All,
* Dimitri Fontaine (dimitri@2ndQuadrant.fr) wrote:
> In our case, what I keep experiencing with tuning queries is that we
> have like 99% of them running under acceptable threshold and 1% of them
> taking more and more time.
This is usually described (at least where I come from) as 'rare events',
which goes to Tom's point that averages, stddev, etc, are not ideal
(though they are still better than nothing).
> > good reason to suppose that query runtime is Gaussian? (I'd bet not;
> > in particular, multimodal behavior seems very likely due to things like
> > plan changes.) If not, how much does that affect the usefulness of
> > a standard-deviation calculation?
Oscillating plan changes may fit multimodal but I don't feel that's
typical. My experience has been it's either an extremely rare plan
difference or it's a shift from one plan to another over time.
> What I've been gathering from my quick chat this morning is that either
> you know how to characterize the distribution and then the min max and
> average are useful on their own, or you need to keep track of an
> histogram where all the bins are of the same size to be able to learn
> what the distribution actually is.
A histogram would certainly be useful.

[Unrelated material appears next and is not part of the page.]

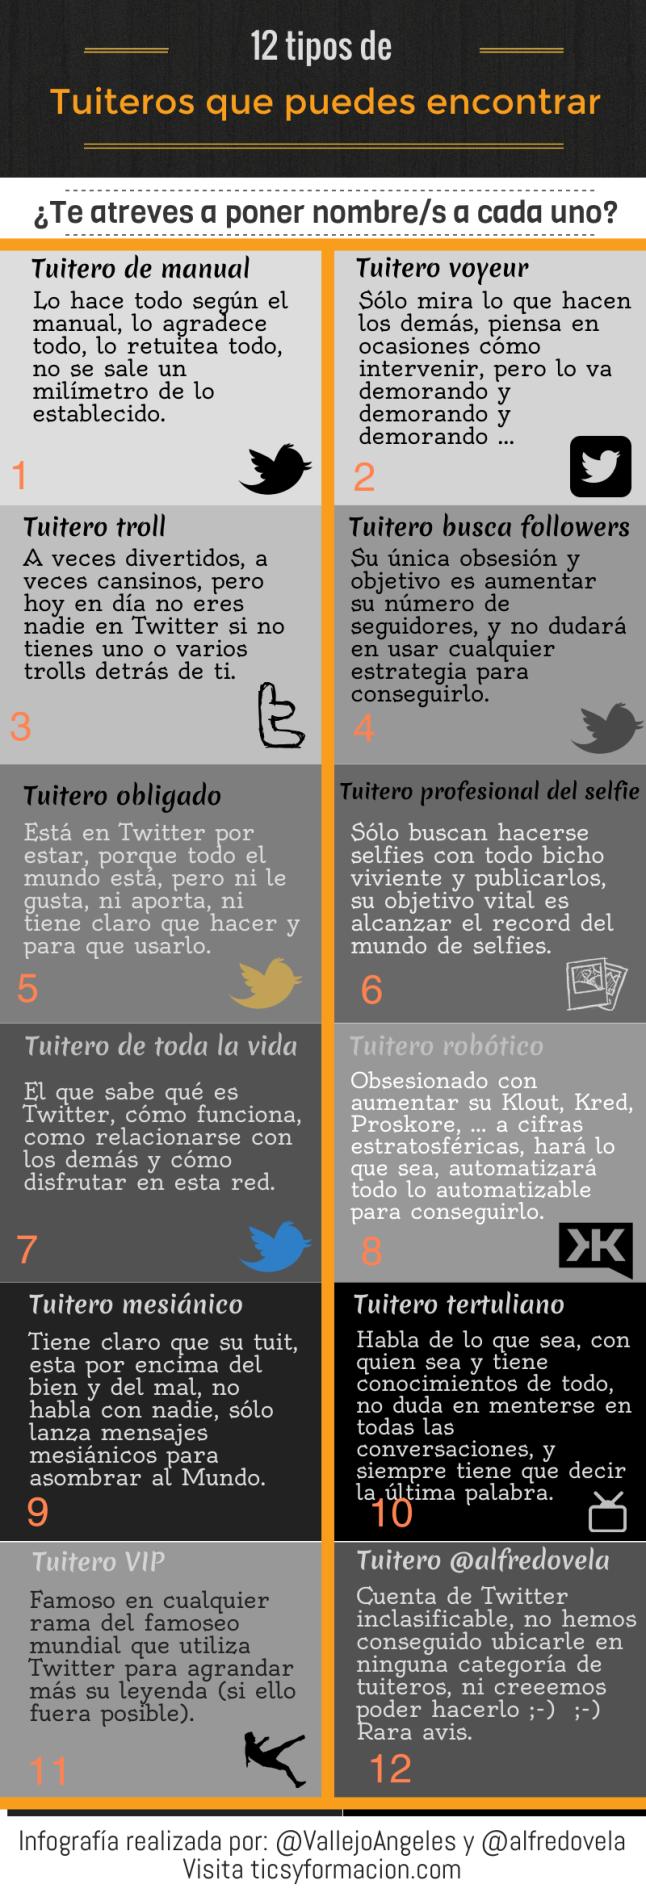 12 tipos de tuiteros que nos podemos encontrar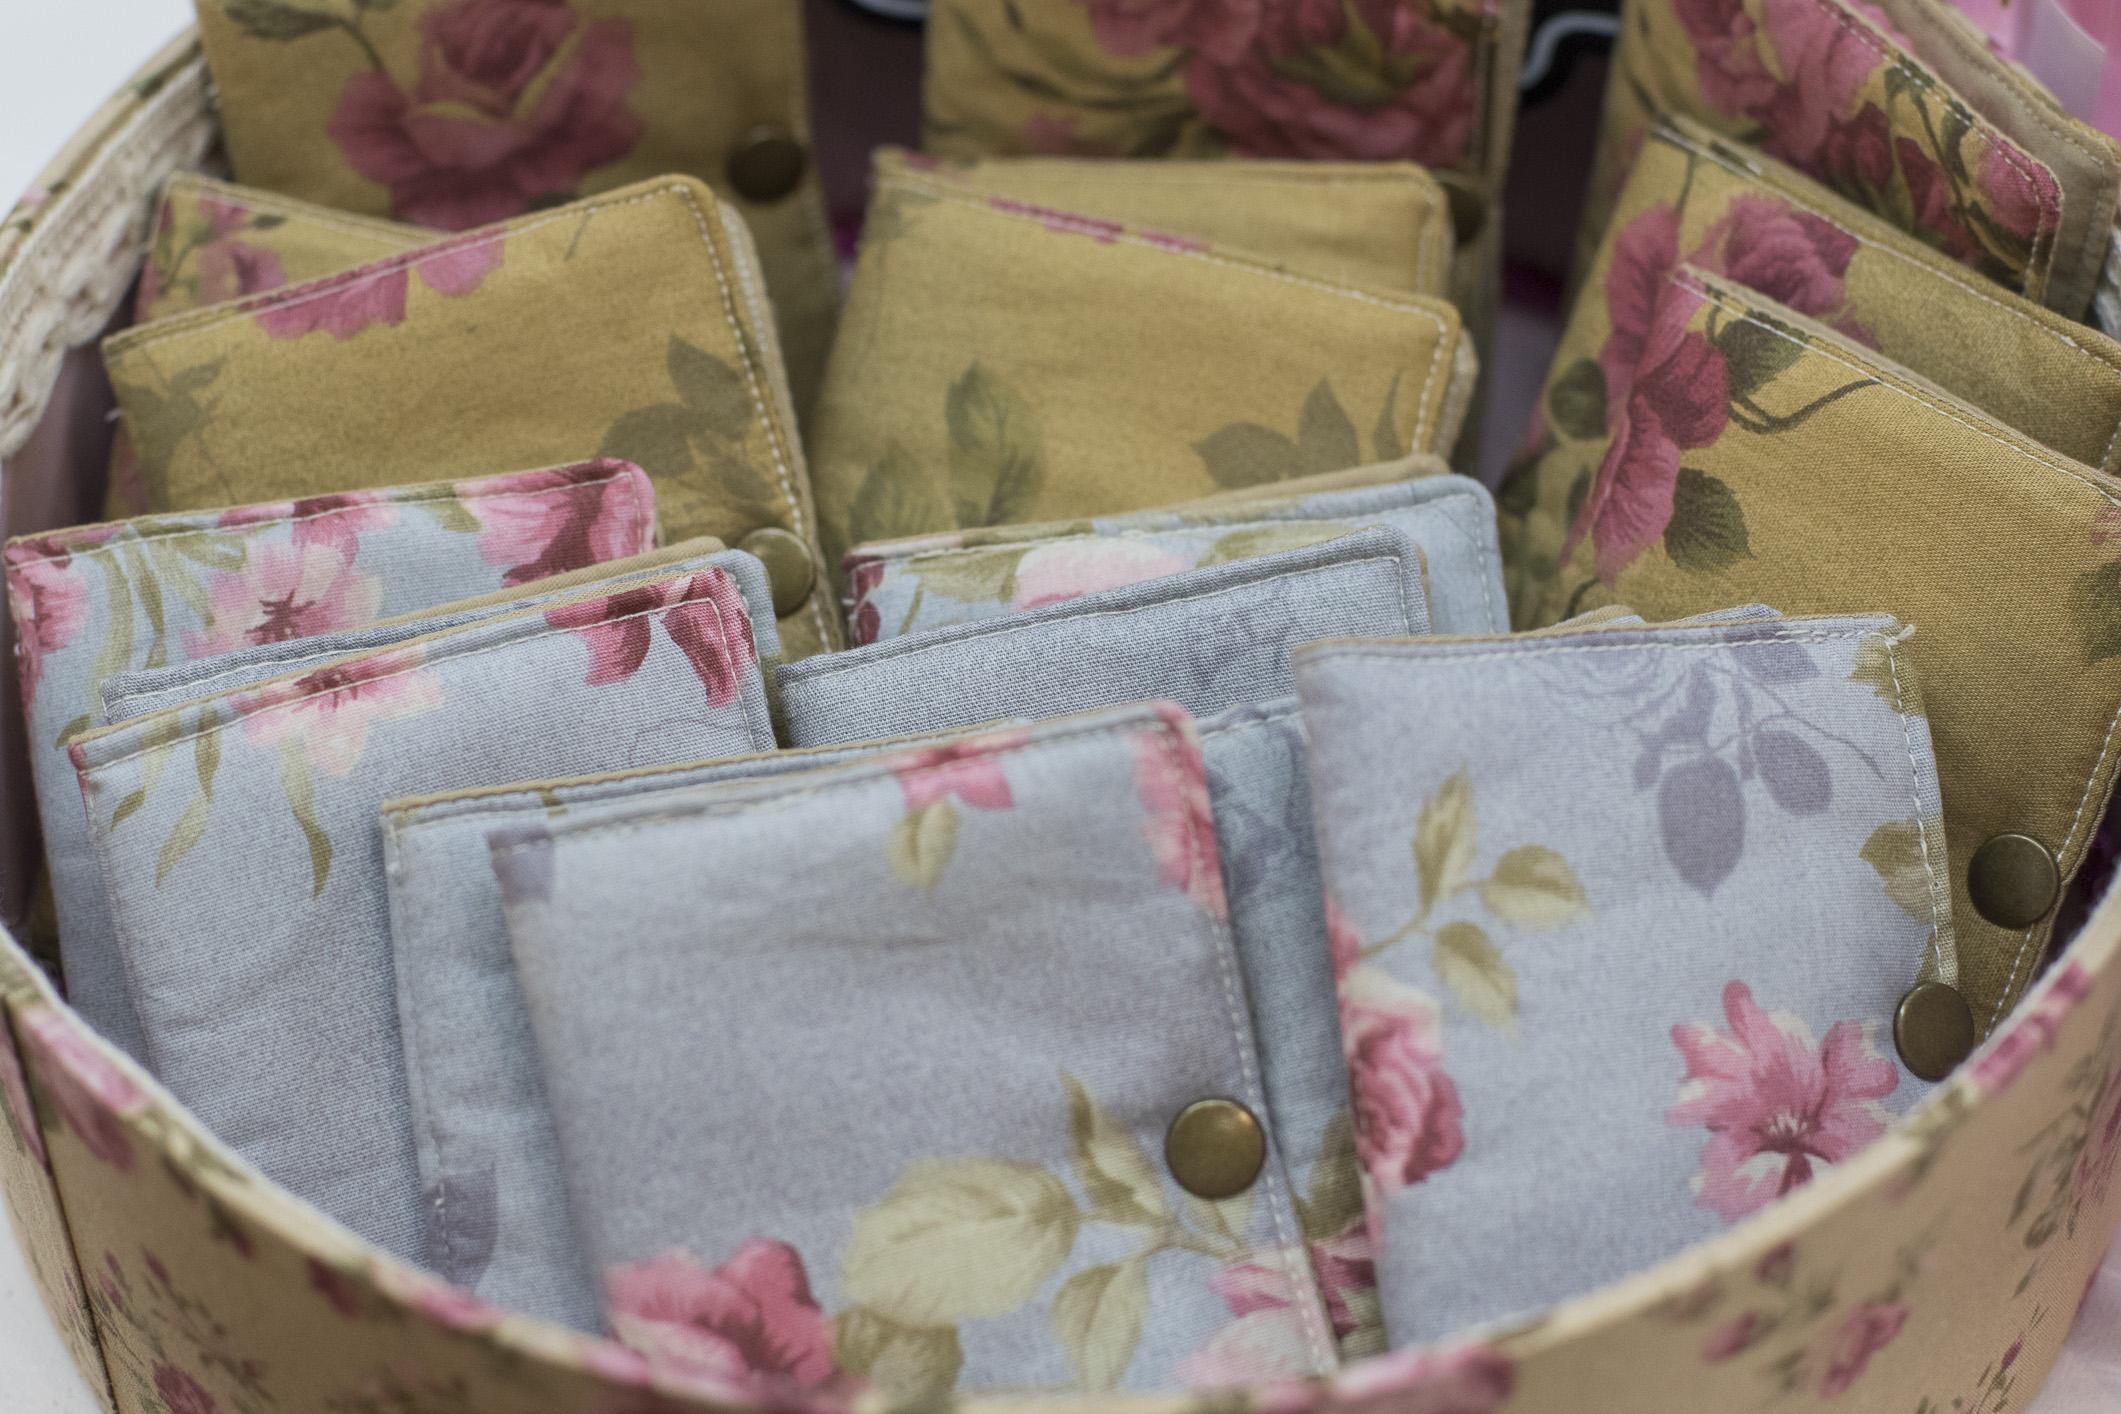 Delicadass carteiras feitas de tecido

We may also wish to look into
outlier/rare event detection methods and increase the logging we do in
those cases (if possible).
> Of course keeping enough stats seems to always begin with keeping the
> min, max and average, so we can just begin there. We would just be
> unable to answer interesting questions with just that.
It would probably be good to do some research into techniques for
outlier detection which minimizes CPU and storage cost.
Thanks,
Stephen